We see the vernal pond filling with water as it does every Spring — Beau even spotted a salamander in the wood pile, and since the snow melted last week, we have visited the fruit trees we have planted here and there over the past two years — a weeping willow by the pond, and peach, cherry, pear, chestnut, quince and plum trees around the barn and the veggie garden. They are still small but they have taken. The rhubarb that Beau planted is showing signs of life but the crowns that have been growing at the bottom of the barn, since before we arrived, are covered in leaves, so I can’t tell if they are reaching to the light yet. I’m already planning rhubarb pie. So far, the shiitaki plugs we inoculated in the red maple stump have not shown signs of life, but we continue to live in hope. The strawberry and raspberry starts lovingly mailed to me by my friend Priscilla, from her River’s Edge farm in upstate New York, have also taken, and we see the daffies we planted our first autumn here, peeking up around the well. The tulips we planted for the second year in a row are awakening along the warm south wall.
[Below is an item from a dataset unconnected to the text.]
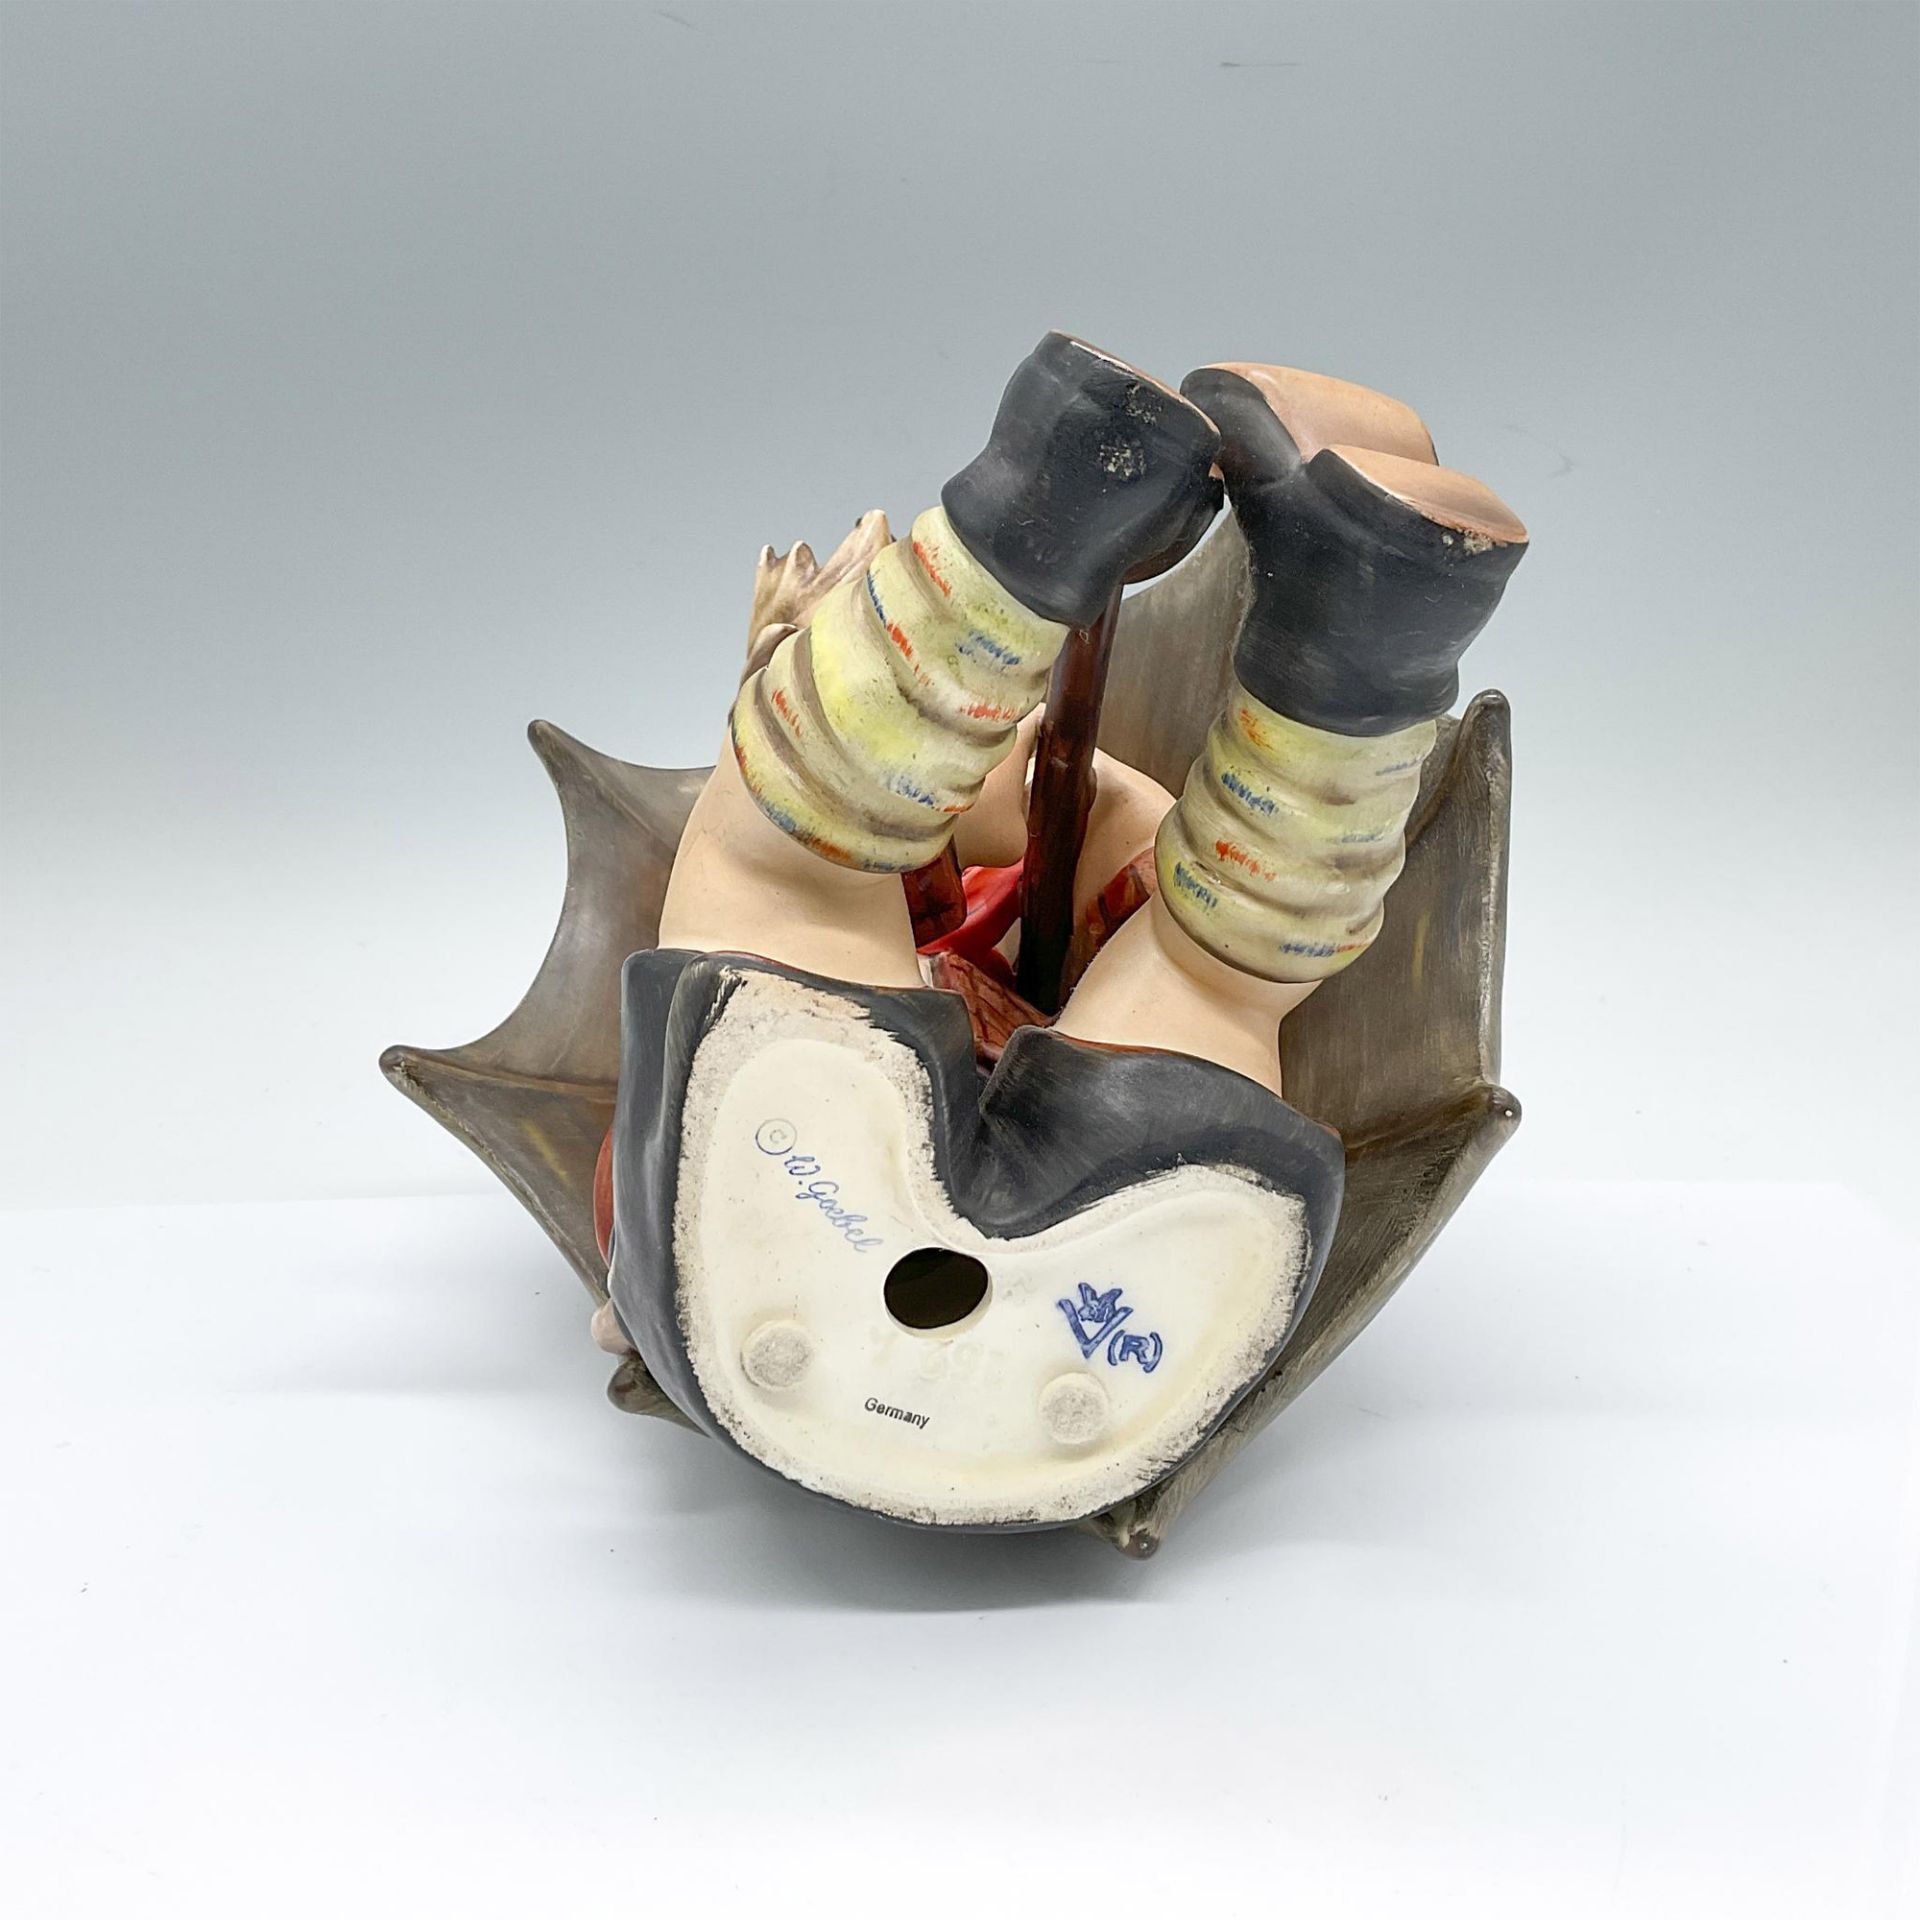 Goebel Hummel Porcelain Figurine, Umbrella Boy - Image 3 of 3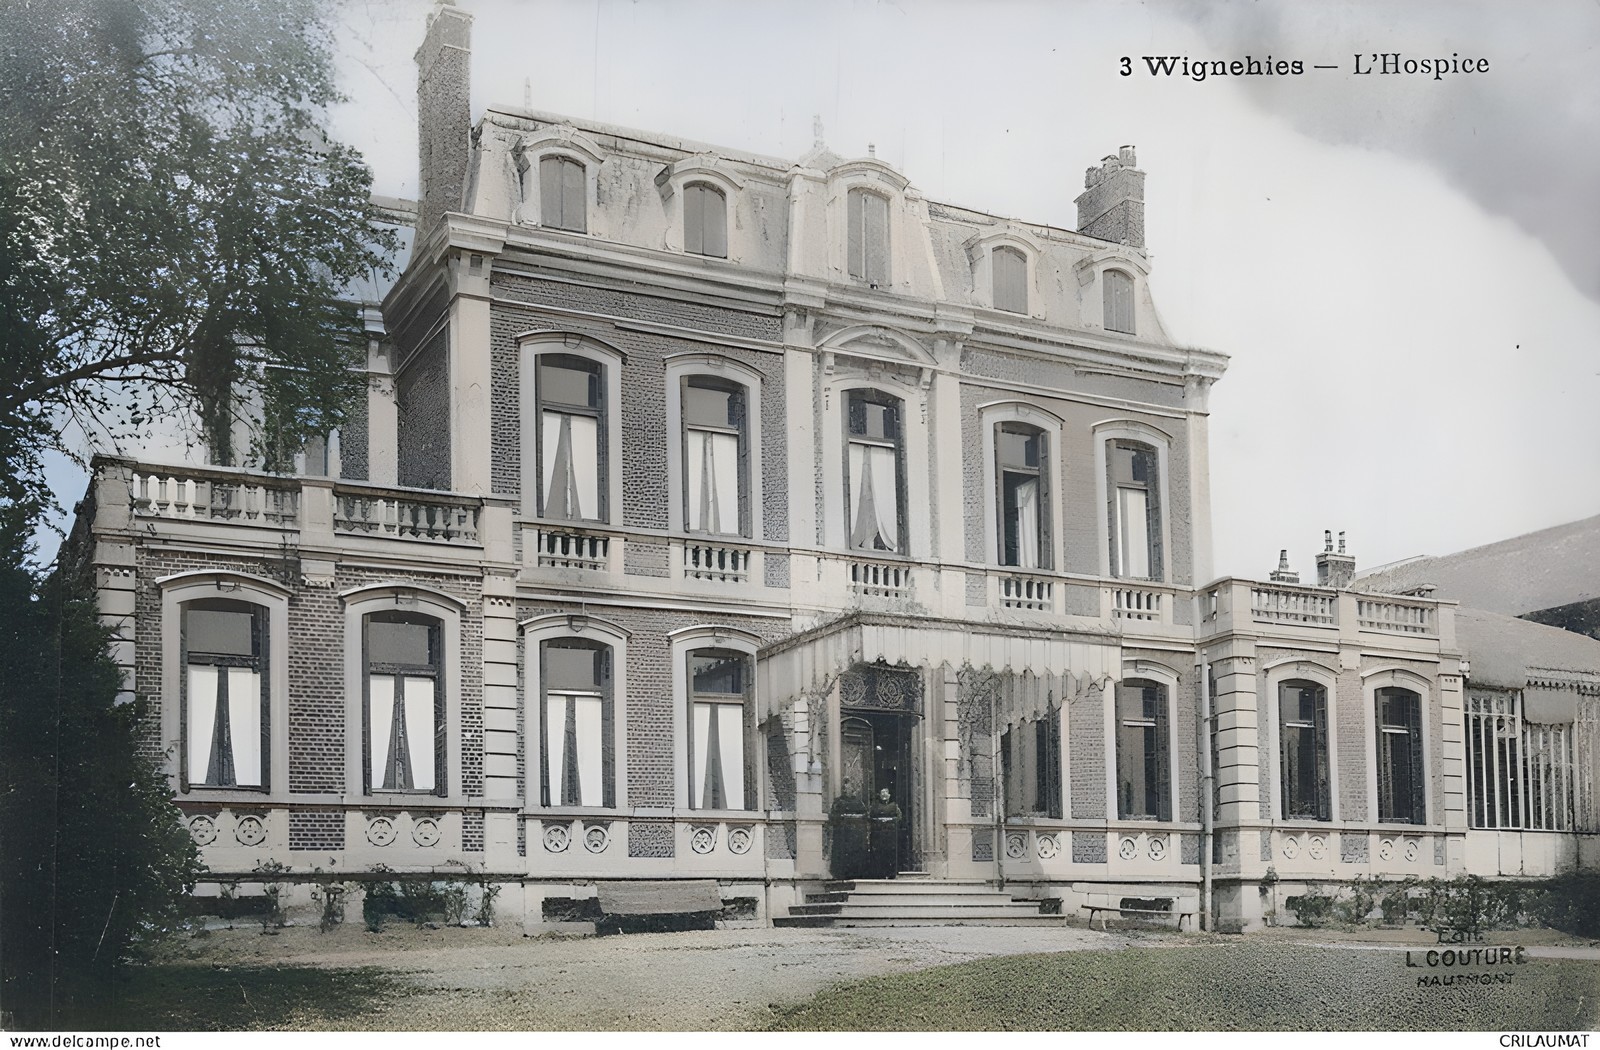 Ancien hospice de Wignehies.

I recognize the 2 different black cats that periodically run under the barn, the red fox, the fat skunk, and the rather small raccoon.
Inside the house, we look forward to pulling out the window inserts which have gotten us through a second winter, toasty and warm - the ones we built as part of a community event (I tell that story here). I’m planning a wall of shelves to house our collection of books and records, thinking about how we can optimize our closet ever since my clothing Purge, and vaguely intending to repaint the Sewing Room (as we fondly call this guest room) — all “nice to have” tasks, not “need to have” like they were when we first arrived…
And outside the portal to Rocinante, there’s our neighbors and community, who seem to be getting used to seeing us around, through the winter months — half this island is summer people — and gradually warming to us as well. Or so we hope. My piano students have almost completed a full year of studies. I have a space for my business in the converted elementary school in Stonington, just down the road near the lobster port. I know Tiffany, the post mistress, by name, and saw her perform a monolog in the iconic performance of “Island Women Speak”. Yet another yearly town meeting has been concluded (our third now!), with some discussion of the shellfish warden’s duties.
The beginning of year three, the routines are setting in, we are getting to know the people here, getting to know our island. It is so apt that we moved into our home during the thaw in 2023, just days after the Spring Solstice, when the weather had warmed enough to turn on the water. Every Solstice will mark another milestone for us, another cycle beginning again. And maybe, just maybe, by the end of the year I will feel like my roots have taken hold in my new home, like the trees we planted, growing into the seasons, and with any luck we will have built our portal in the forest and the the Rocinante sign will swing in the breeze, as it does in my Quixotic mind’s eye.